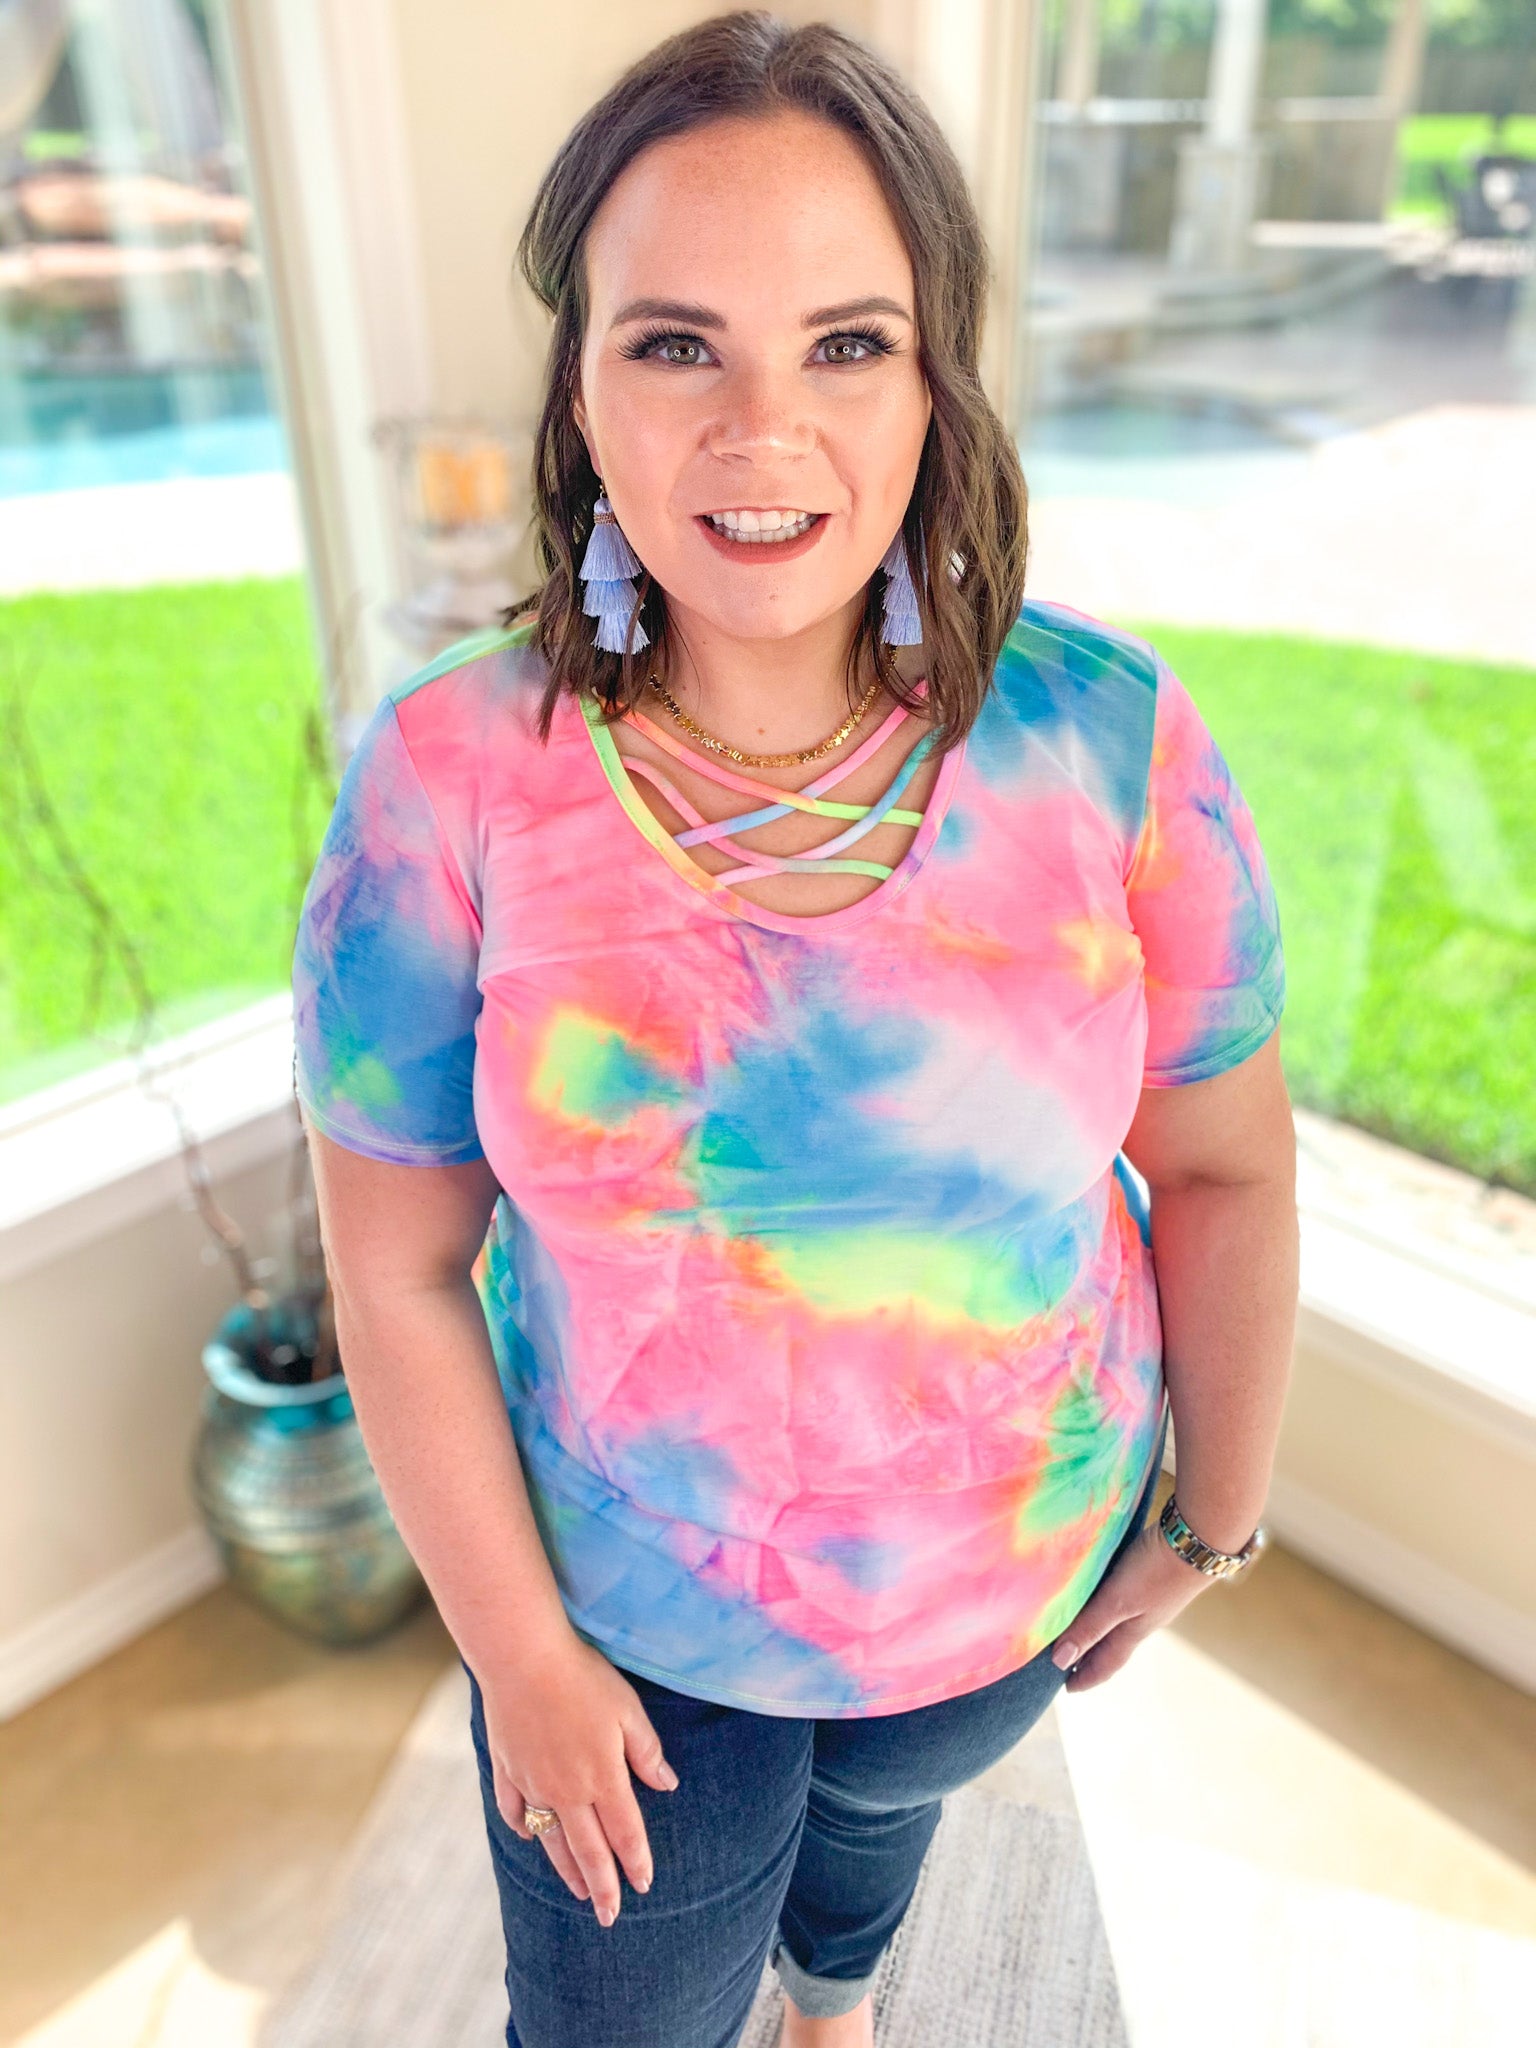 Last Chance Size Small & 3XL | Over the Rainbow Short Sleeve Tie Dye Top with Criss Cross Neck in Yellow, Pink, and Blue - Giddy Up Glamour Boutique
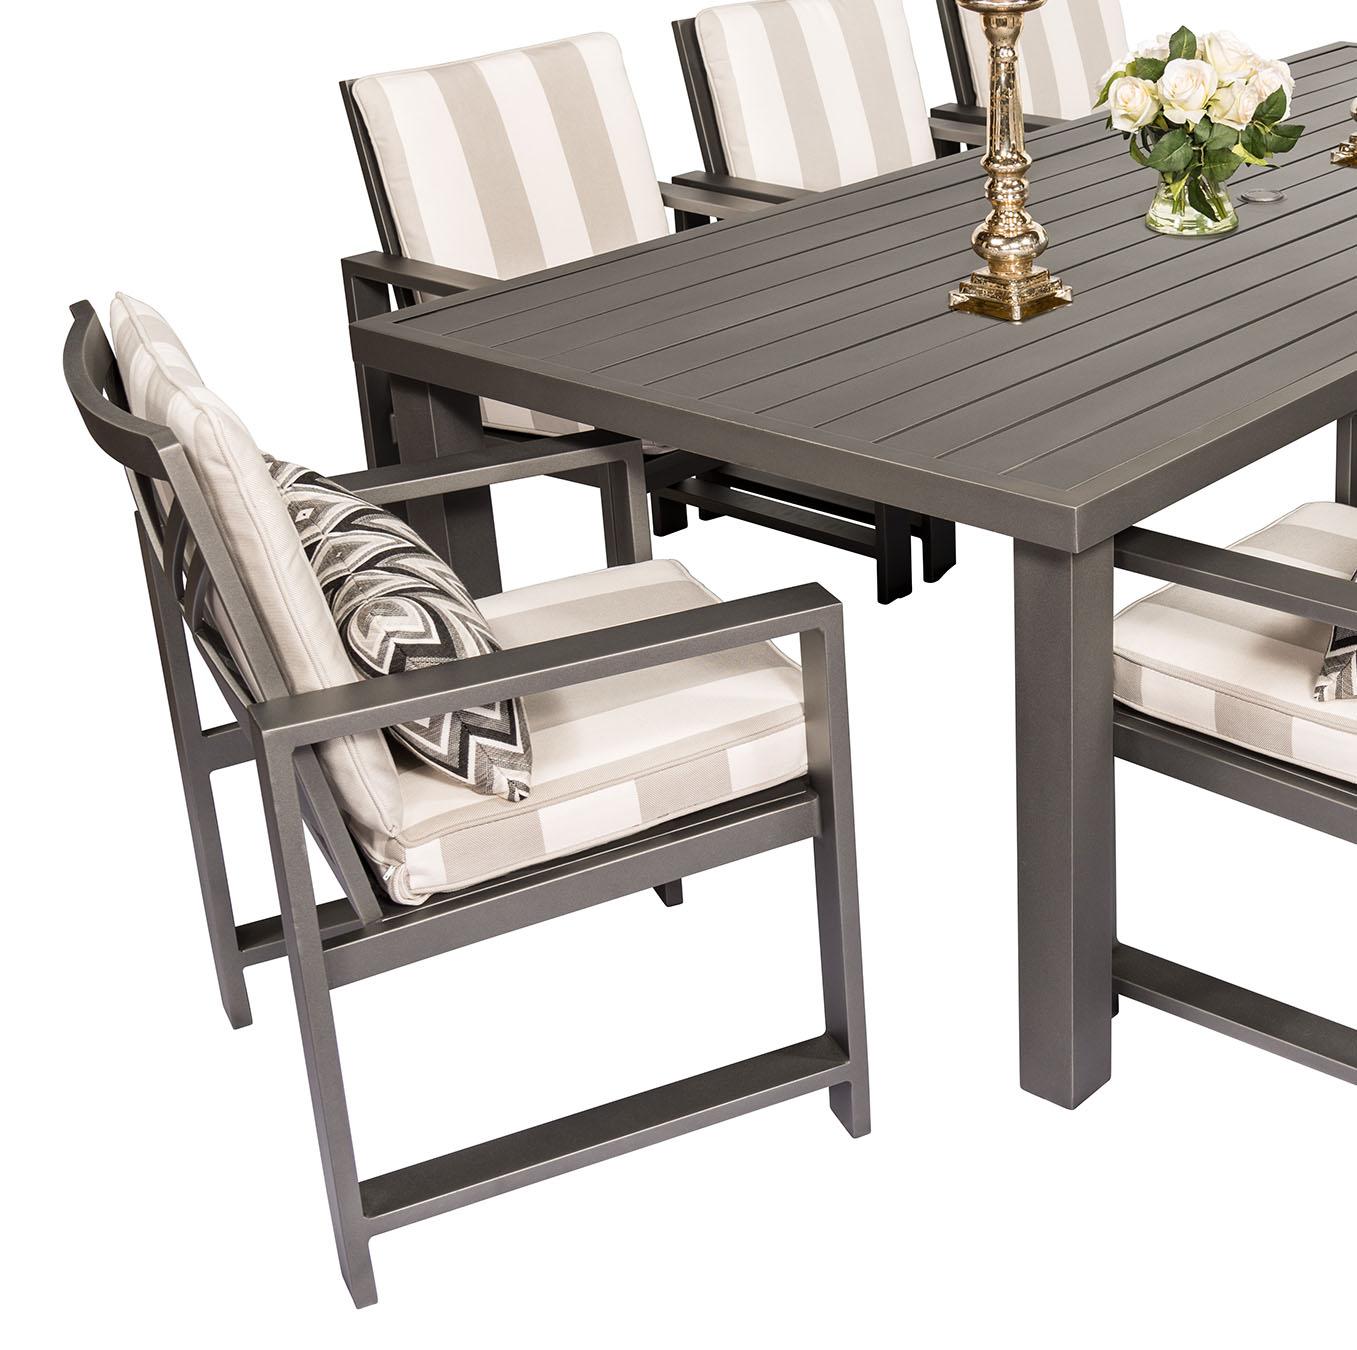 

    
CaliPatio Jolee Outdoor Dining Table Gray RCTDT9644JL
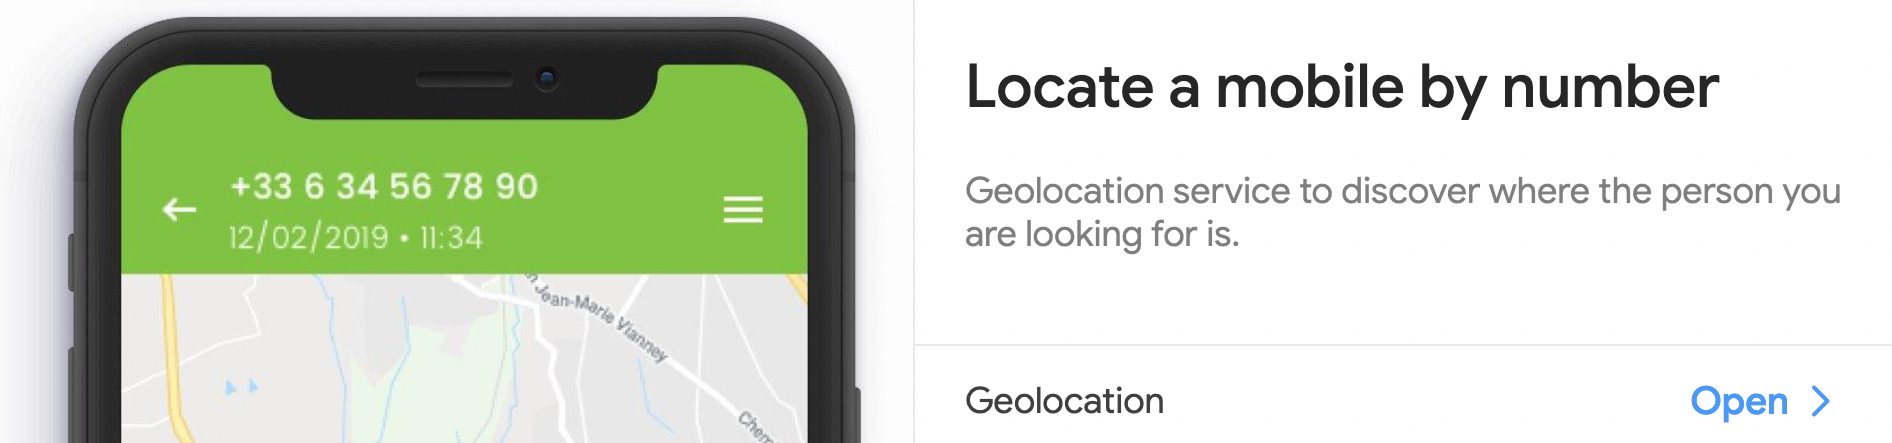 locate mobile by number

:::

### Work task
The lines needed are those from the one containing "CaliPatio Jolee Outdoor" through the end of the listing, given again word for word and without any picture.

### Answer to the exercise
CaliPatio Jolee Outdoor Dining Table Gray RCTDT9644JL
 locate mobile by number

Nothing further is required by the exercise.